Love potions always, ALWAYS end badly, and if we're keeping all the
characters around for a presumed third season, I cannot for the life of
me think how they're going to write their way out of this so that it
doesn't feel like a cop-out. We should be seeing some long term
repercussions for Hank, who was raped both mentally and physically even
if he doesn't quite want
to call it that (the closest we've gotten on screen is 'being
roofied'), and I don't count going through the Delirium of coming to
realize Wesen exist as a repercussion. (There should be repercussions
from that,
too, but that's neither here nor there.) Elaine often ends up
committing suicide after Lancelot dies. Lancelot is usually the last to
die, after Arthur at Camlann and Guinevere in the years following, with
both of them dying of old age and/or regret and/or grief and/or a broken
heart. Nimue kills Merlin and is often never heard from again due (or
so it's implied) to her fae nature.
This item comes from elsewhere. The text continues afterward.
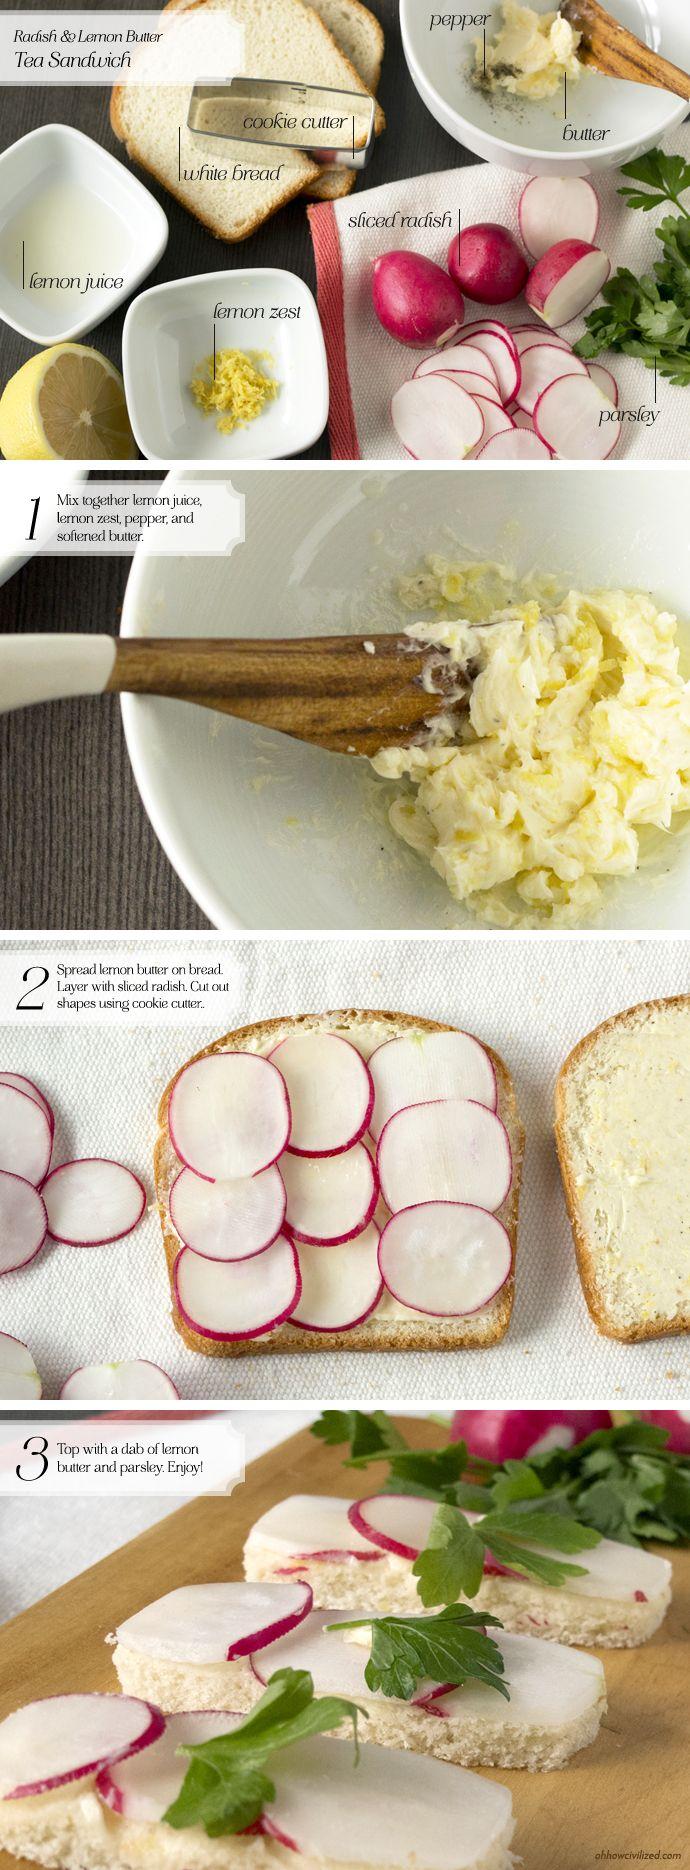 Tea Sandwich: Radish & Lemon butter

Gorlois is killed, sometimes as part
of a deliberate David-and-Bathsheba callback and sometimes
accidentally. Uther dies in battle without ever seeing his kingdom
united. Igraine either fades out of the stories entirely or dies shortly
after him. And both Tristan and Iseult die. Granted, none of these
characters die until after many, many adventures and mishaps along the
way, but somehow I just don't have a great deal of faith that Renard and
Juliette are both making it out of this alive. Certainly they won't
make it out unscathed.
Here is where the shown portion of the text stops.